It is also important that the dimension of England is addressed. We recognise that England is very much the largest component of the union, but it is also very diverse. The shortcomings of governance in England are real, and part of the tensions we are talking about, but a federalism based on English regions is not something that anyone really believes is the way forward.

I am sorry to say this, but it is clear that the union is in no way safe in the hands of this Government under their dysfunctional, incoherent and—frankly—careless leadership—or rather lack of it. As I have said, we all know that a tidy federal solution to the governance of the United Kingdom is not easy to achieve, even if there were a will for it, which there is not. However, that does not excuse us for not striving for a relationship among the component parts of the UK based on consensus, mutual respect, fair shares and, as has been said repeatedly, co-operation—all ultimately reinforced by a legal constitutional settlement and dispute resolution mechanism.

I agree with the noble Lord, Lord Norton, that it is not about more power; it is about attitude and engagement. However, there must be a backstop with some kind of recourse and dispute resolution mechanism, because we have seen how the UK Government behave without one in relation to the devolved Administrations. I for one, privately, did not think that the vow at the end of the referendum in 2016 was necessary or helpful. I agree that lots of people were voting to stay in the United Kingdom as it was, without necessarily requiring change.

It is also an inescapable fact that the glue—the word used, I think, by the noble Lord, Lord Lisvane—provided by the EU helped in regard to agreed rules and to secure the Good Friday agreement; after all, the EU is one of its guarantors. It also gave the devolved Administrations and the UK Government a degree of clarity and security.
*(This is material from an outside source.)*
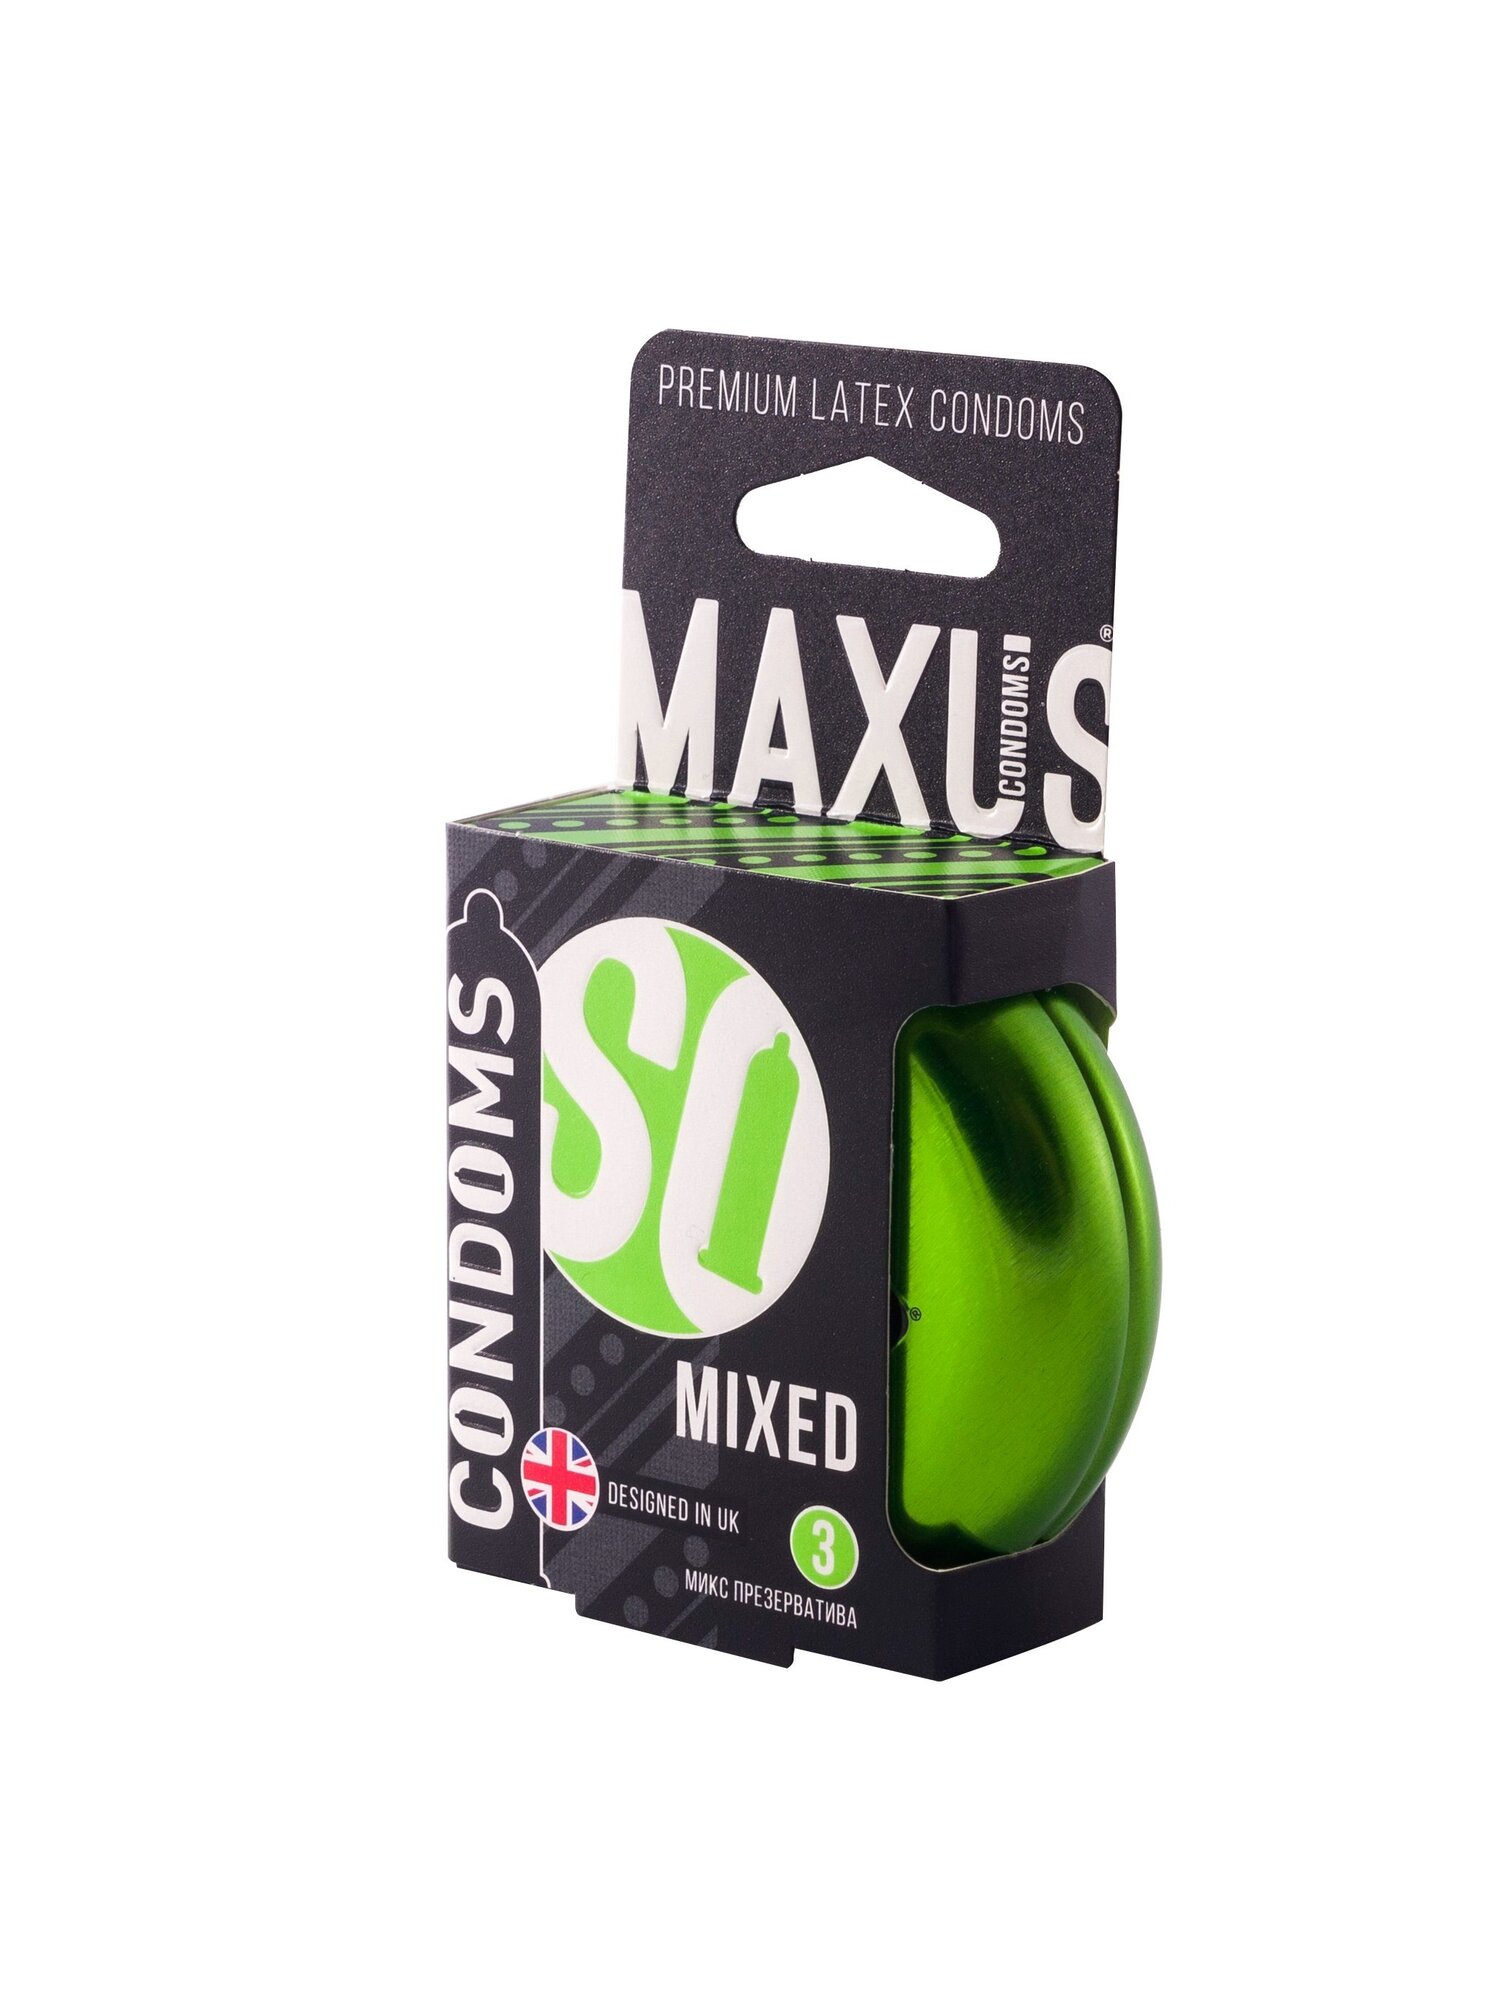 Презервативы в железном кейсе набор MAXUS Mixed №3
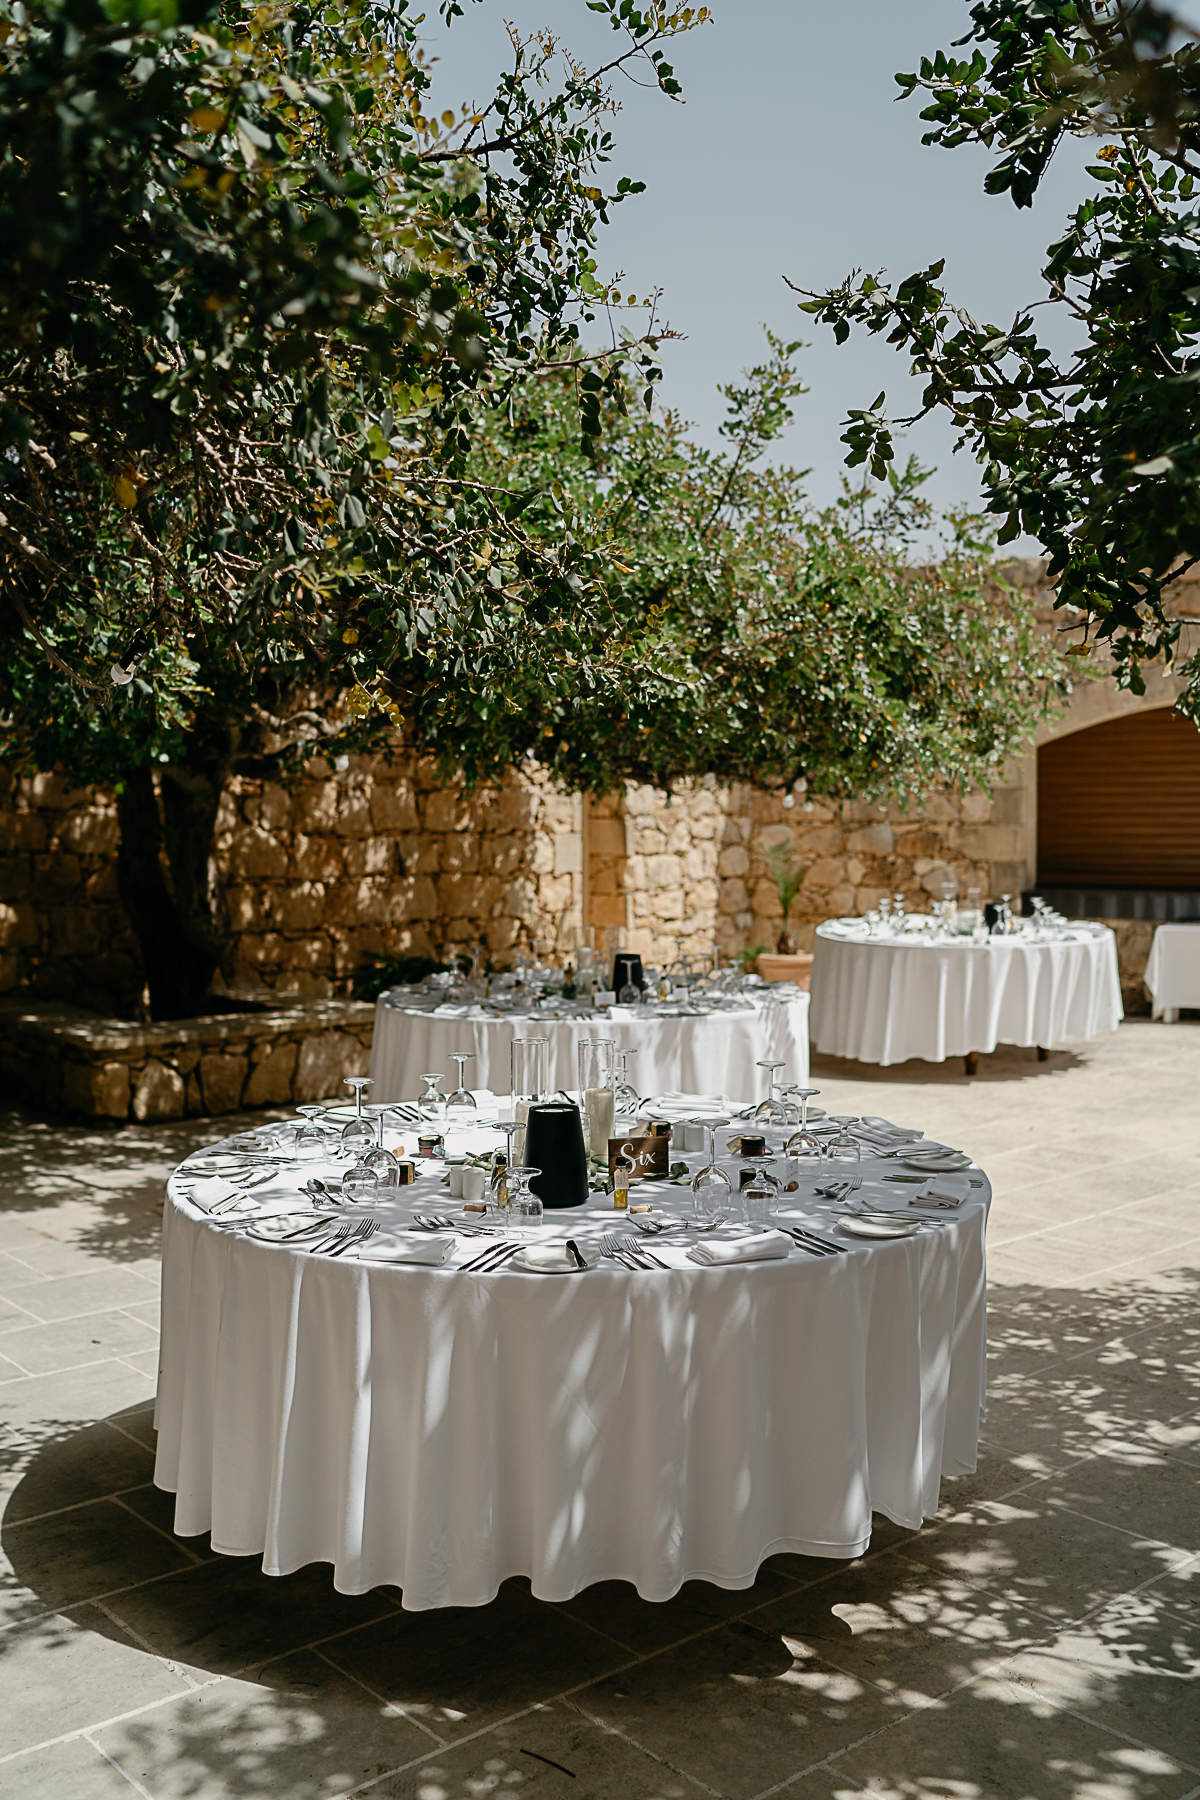 Ta' Cenc wedding table set up in the garden

That has all been swept away by the return of EU powers to the UK. I am not trying to reverse that, but it has been aggravated by a ham-handed application, for example, of the internal market Act and, to a lesser extent, the Subsidy Control Act.

I am also a member of the Common Frameworks Scrutiny Committee, which is about to agree its final report. When first set out, it appeared that common frameworks offered the way to achieve the kind of partnership within the UK that would build confidence, and they still could. However, it is clear that they are in danger of being downgraded into a simple process rather than being rather more substantial policy agreements allowing for divergence.

Thanks to the excellent report by the noble Lord, Lord Dunlop, we have new inter-government agreement, set out this year, which appears to offer a positive way forward, but, again, it depends on the will of the UK Government to apply it in spirit as well as in letter. It depends on that, and the UK Government, as always, have the upper hand. Frankly, the qualities needed are sadly lacking, and when they are not applied, there is no redress. But—and it is a big but—the strains on the union are not all one-way. The agreement signed by the Prime Minister to give appearance to his claim to get Brexit done was flawed at the outset, in terms of Northern Ireland in particular.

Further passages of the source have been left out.